Standard rating formula

This algorithm is to be used for players with $N > 8$ who have not had either all wins or all losses in every previous rated game.

Define the ``Standard winning expectancy,'' $\We$, between a player rated $R$ and his/her $i$-th opponent rated $R_i$ to be

$$\We(R,R_i) = \frac{1}{1 + 10^{-(R-R_i)/400}}$$

The value of $K$, which used to take on the values 32, 24 or 16, depending only on a player's pre-event rating, is now defined as

$$K = \left\{ \begin{array}{ll} 800/(N' + m) & \mbox{if the ev... ... m/2) & \mbox{if the event is \lq\lq half-$K$''} \end{array}\right.$$

where $N'$ is the effective number of games, and $m$ is the number of games the player completed in the event. The following are example values of $K$ for particular values of $N'$ and $m$.

		Value of $K$
$N'$	$m$	Full-K	Half-K
6	4	80	50
6	6	66.67	44.44
6	10	50	36.36
20	4	33.33	18.18
20	6	30.77	17.39
20	10	26.67	16
50	4	14.81	7.69
50	6	14.29	7.54
50	10	13.33	7.27

If $m<3$, or if the player competes against any opponent more than twice, the ``standard'' rating formula that results in $R_s$ is given by

$$R_s = R_0 + K (S - E)$$

where the player scores a total of $S$ points (1 for each win, 0 for each loss, and 0.5 for each draw), and where the total winning expectancy $E = \sum_{i=1}^m \We(R_0,R_i)$.

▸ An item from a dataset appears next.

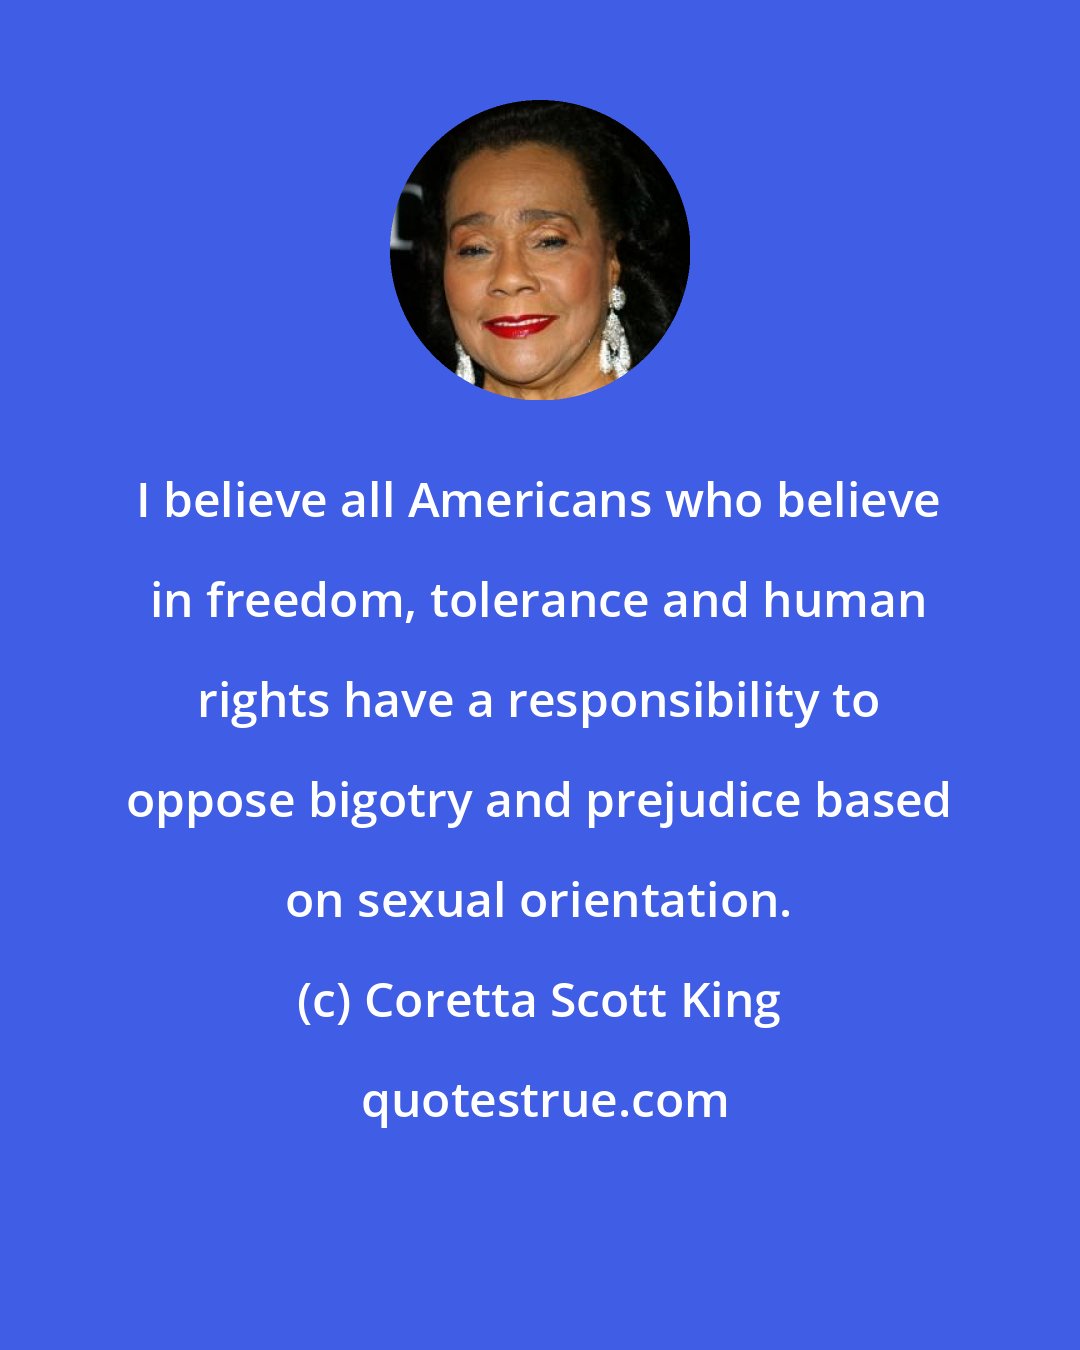 Coretta Scott King: I believe all Americans who believe in freedom, tolerance and human rights have a responsibility to oppose bigotry and prejudice based on sexual orientation.

If both $m\geq 3$ and the player competes against no player more than twice, then the ``standard'' rating formula that results in $R_s$ is given by

$$R_s = R_0 + K (S - E) + \max(0, \; K(S - E) - 10\sqrt{m'})$$

where $m'=\max(m,4)$ (3-round events are treated as 4-round events when computing this extra term). The quantity

$$\max(0, \; K(S - E) - 10\sqrt{m'})$$

is, in effect, a bonus amount for a player who performs unusually better than expected. Note that the value ``10'' in the above formula will change to ``16'' in January 2003.

The resulting value of $R_s$ is the rating produced by the ``standard'' rating algorithm.